### What to do
Only one stretch of the data below is wanted: the lines from the one with "C&A The Denim slim fit jeans, Dark denim" through the one with "DS-2CV2Q01FD-IW Hikvision Smart", repeated exactly.

### Dataset excerpts
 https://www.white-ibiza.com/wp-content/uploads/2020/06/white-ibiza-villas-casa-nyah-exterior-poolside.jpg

---

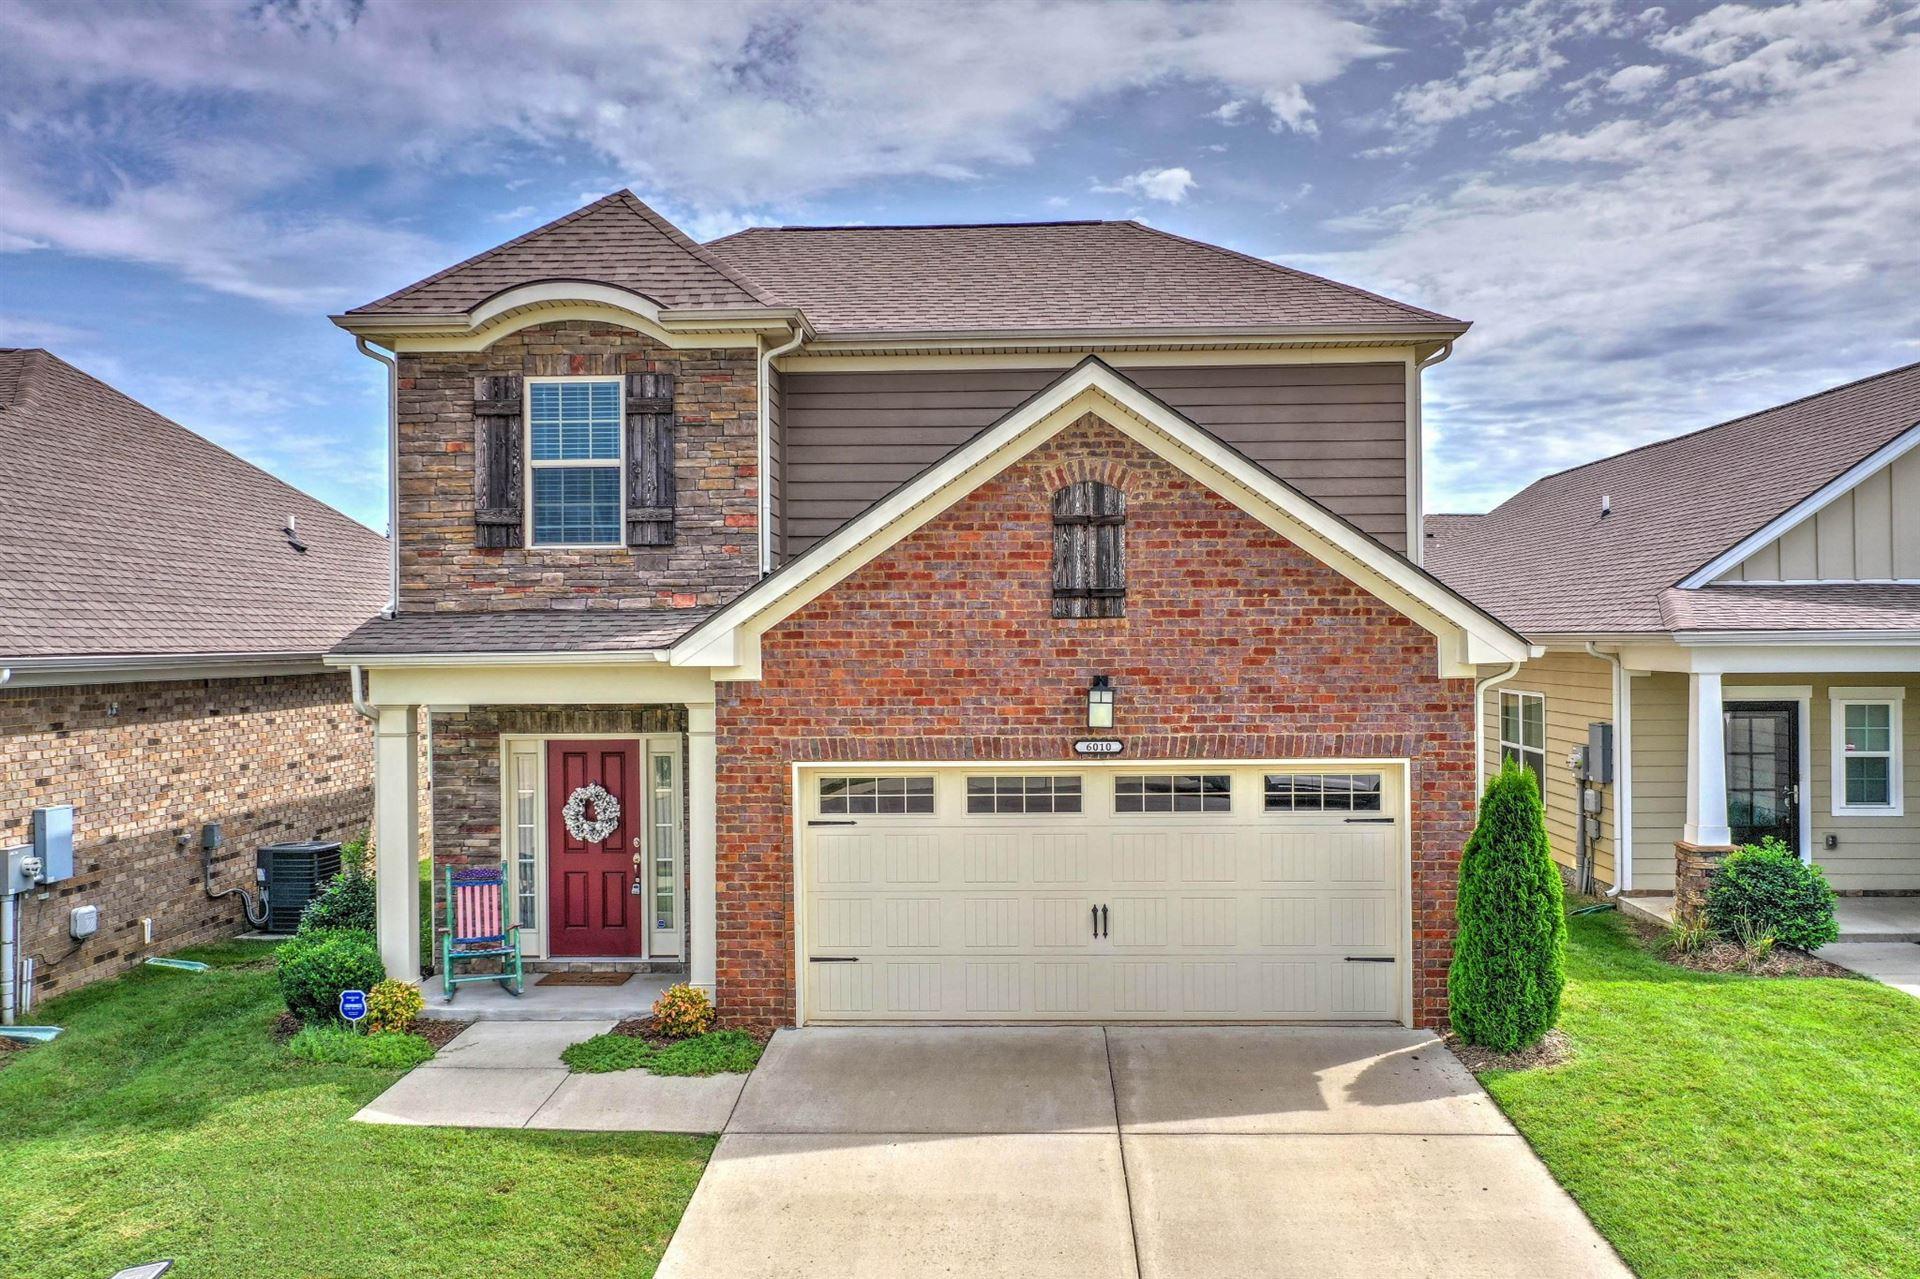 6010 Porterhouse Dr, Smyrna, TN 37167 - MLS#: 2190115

...

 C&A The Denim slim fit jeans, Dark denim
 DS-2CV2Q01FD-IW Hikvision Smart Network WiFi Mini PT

### Solved exercise
 C&A The Denim slim fit jeans, Dark denim
 DS-2CV2Q01FD-IW Hikvision Smart Network WiFi Mini PT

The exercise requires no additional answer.